Clipper Logistics founder prepares a £300m takeover bid. (FS)
Steve Parkin, the founder of Clipper Logistics, a provider of retail logistics, is plotting a £300m ($388m) bid to take the company private. Mr. Parkin, who is the company's executive chairman, owns almost a third of its shares. He is working with Sun Capital Partners, a US-based private equity firm, to prepare the bid.
APAC
Bay Grove-backed Lineage Logistics, a provider of temperature-controlled logistics solutions, agreed to acquire Emergent Cold, the temperature-controlled service provider. The transactions are expected to close in 2020, subject to customary closing conditions and regulatory approvals. Financial terms were not disclosed.
“Food producers, manufacturers, and retailers are looking for cold chain partners who can offer a dynamic and truly end-to-end temperature-controlled logistics solution, and one that can reach every corner of the world. Welcoming Emergent to the Lineage family not only adds significant capacity to our international footprint, but also deepens our commitment to our port strategy and international trade. We are better able to help customers respond to constantly shifting market dynamics, such as global network optimization, tariff impacts, consumer preference shifts, and much more, while at the same time unlocking new potential market opportunities to sell their goods,” Greg Lehmkuhl, Lineage President, and Chief Executive Officer.
Lineage is advised by Latham & Watkins. Emergent is advised by Debevoise & Plimpton.
S4 Capital's global content practice MediaMonks agreed to merge with WhiteBalance, a Delhi-based content creation, and production company. Financial terms were not disclosed.
"India is a country very close to my heart - one built on a heritage of creativity, and characterized by a vibrant culture. As you can imagine, I'm delighted to continue to expand into this fast-growing market, offering a wealth of talent and significant growth opportunities, and the merger with WhiteBalance is the next step for us to build a leading creative content business here. At the same time, we're strengthening our position in the APAC region - ever more important - as India continues its trajectory to become the most populous country on earth," Martin Sorrell, S4 Capital Executive Chairman.
S4 is advised by Powerscourt.
MBK Partners, a private equity firm, and Mirae Asset Daewoo, an investment bank, agreed to acquire a 29% stake in CJ Group, a cinema chain, from CGI Holdings, a South Korean conglomerate, for $286m.
The buyers will be given drag-along rights, which would allow them to sell shares under the same condition as a majority stakeholder, while CJ CGV will have a call option, or the rights to buy stocks in CGI Holdings.
Metlifecare receives a takeover offer.
Reuters reported that Metlifecare, one of New Zealand's largest retirement village providers, received a takeover offer from a “credible third party.”
The company said they had started discussions regarding the offer but the price proposed valued the company below the board’s expectations.
LaSalle raised $560m for Japan property fund. (FS, RE)

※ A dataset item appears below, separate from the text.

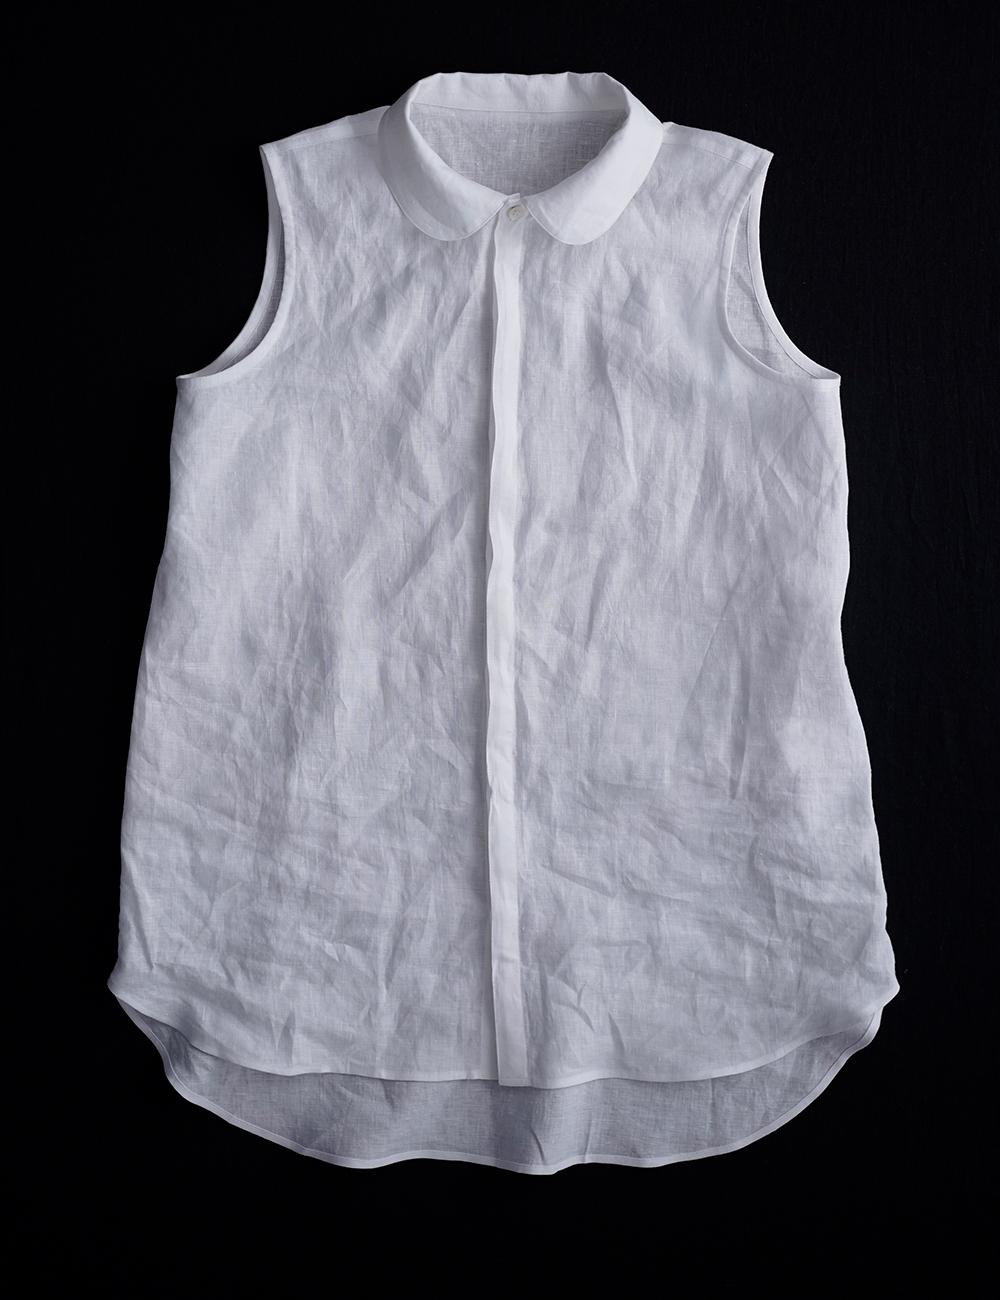 【wafu】雅亜麻 linen shirt  丸襟 比翼 シャツ  インナーとしても/白色 p018a-wht1
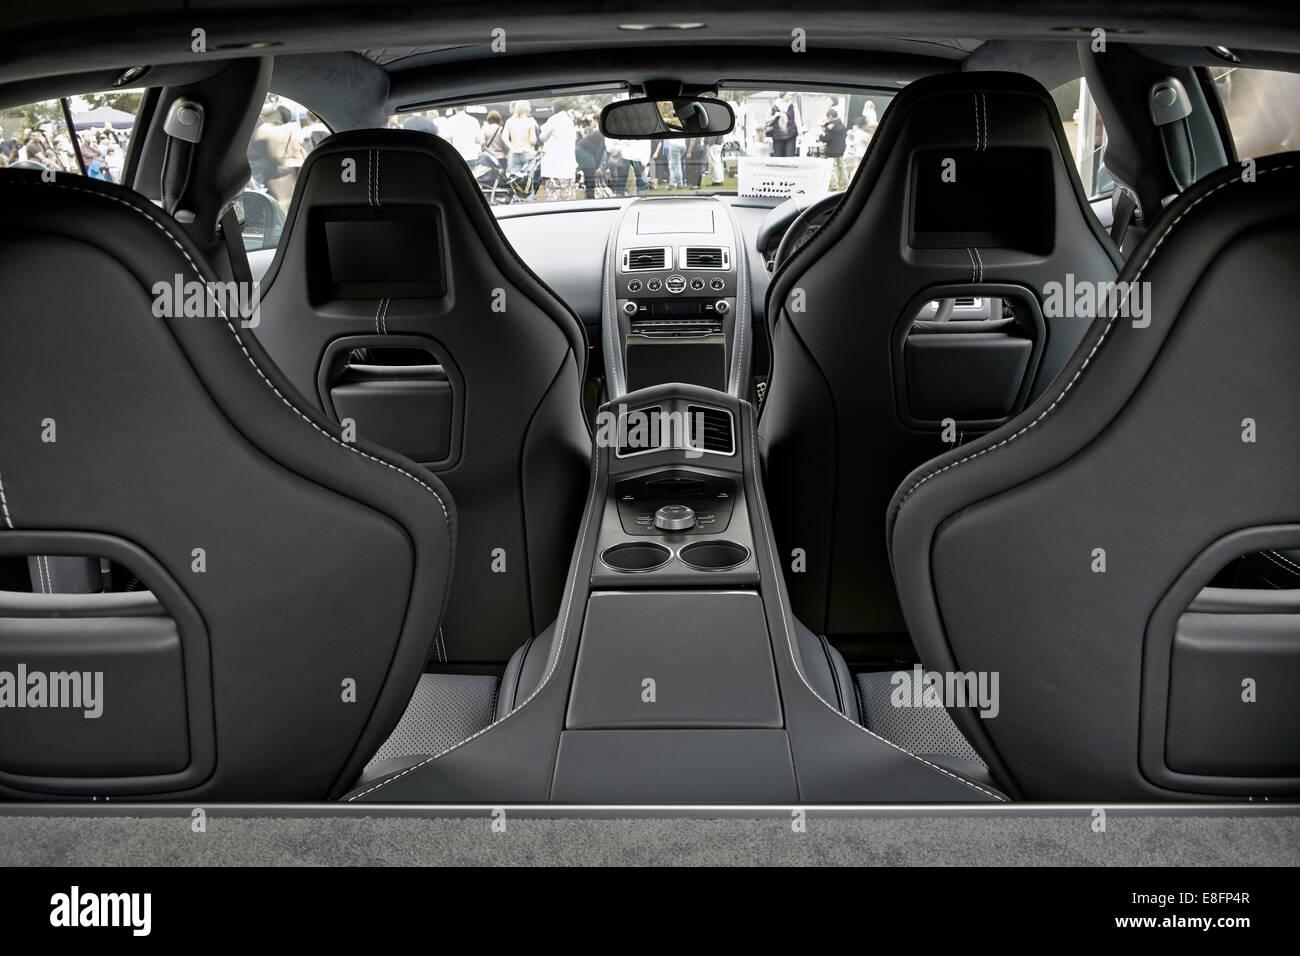 Rear View Of The Interior Of A Aston Martin Rapide S Supercar

US-based real estate investor LaSalle Investment Management launched its first Japan-focused open-ended core fund with $560m in initial commitments. The fund will invest in diversified assets across the office, industrial, retail, and multifamily sectors in Japan, mainly in the cities of Tokyo, Osaka, Nagoya, and Fukuoka.

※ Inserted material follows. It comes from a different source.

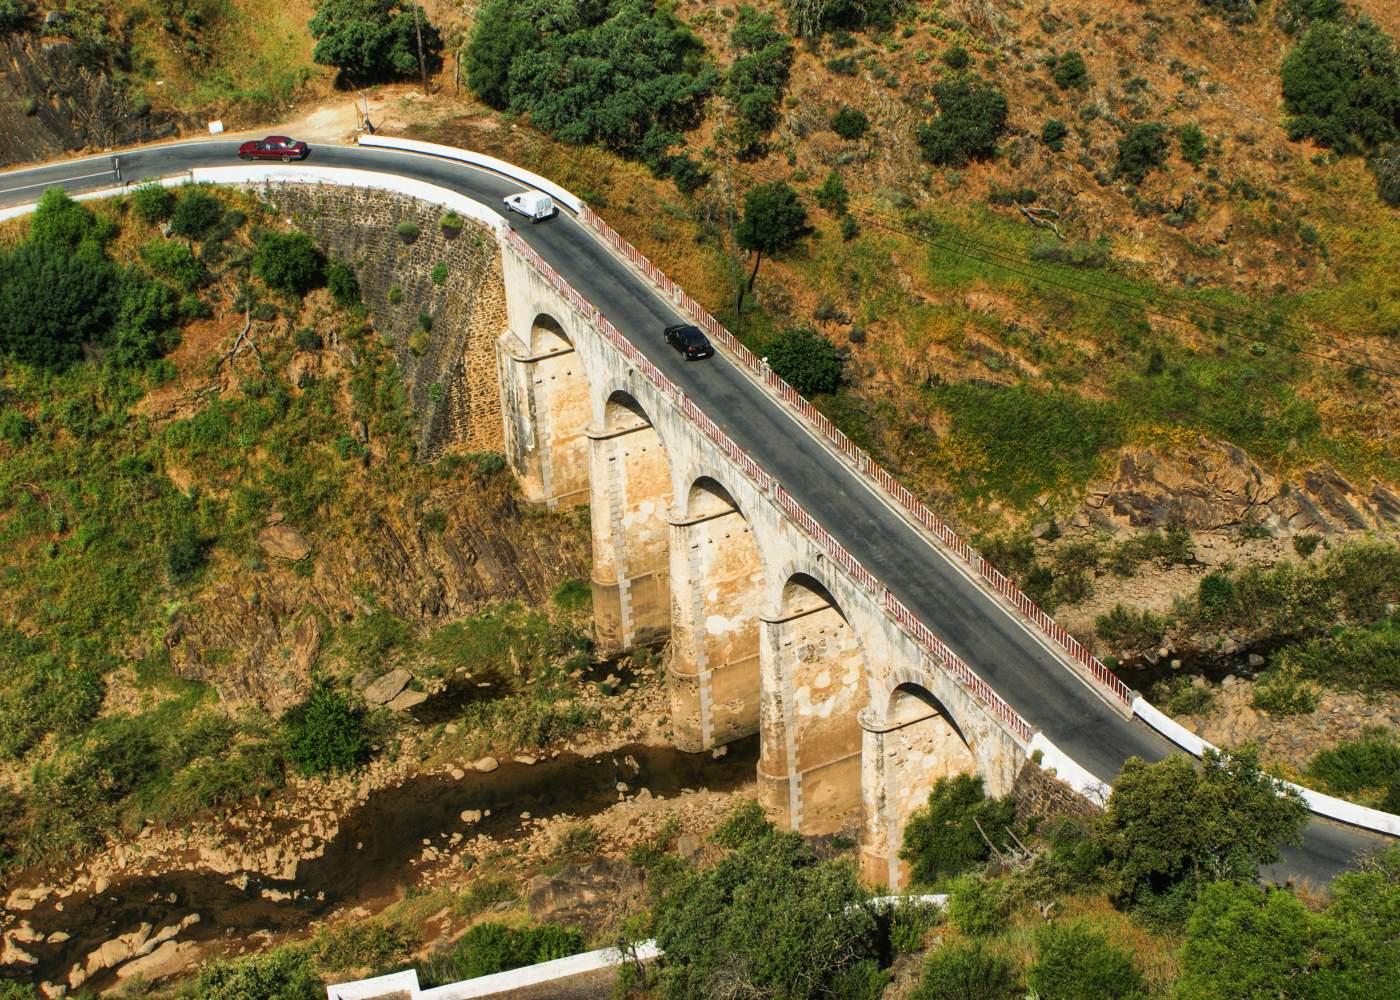 Ponte antiga de Mértola

“We are excited to launch our first private open-ended core fund in Asia with a sizeable initial portfolio that, given its high asset quality, potential to generate strong recurring cash flows and desirable locations, directly aligns with the vehicle’s investment parameters,” Mark Gabbay, LaSalle Asia Pacific CEO.
India Quotient raises $100m for two funds. (FS)
Venture capital firm India Quotient closed its third fund of $60m. The firm is also raising a $40m opportunities fund to invest in its best performing portfolio companies, taking the total funds it will deploy over the next two years or so to $100m.
“The bar for raising money is getting higher even for good companies. With a $60m primary fund and the $40m opportunities fund working in tandem, we will now be able to support our companies much longer in their journey,” Anand Lunia, India Quotient Managing Partner.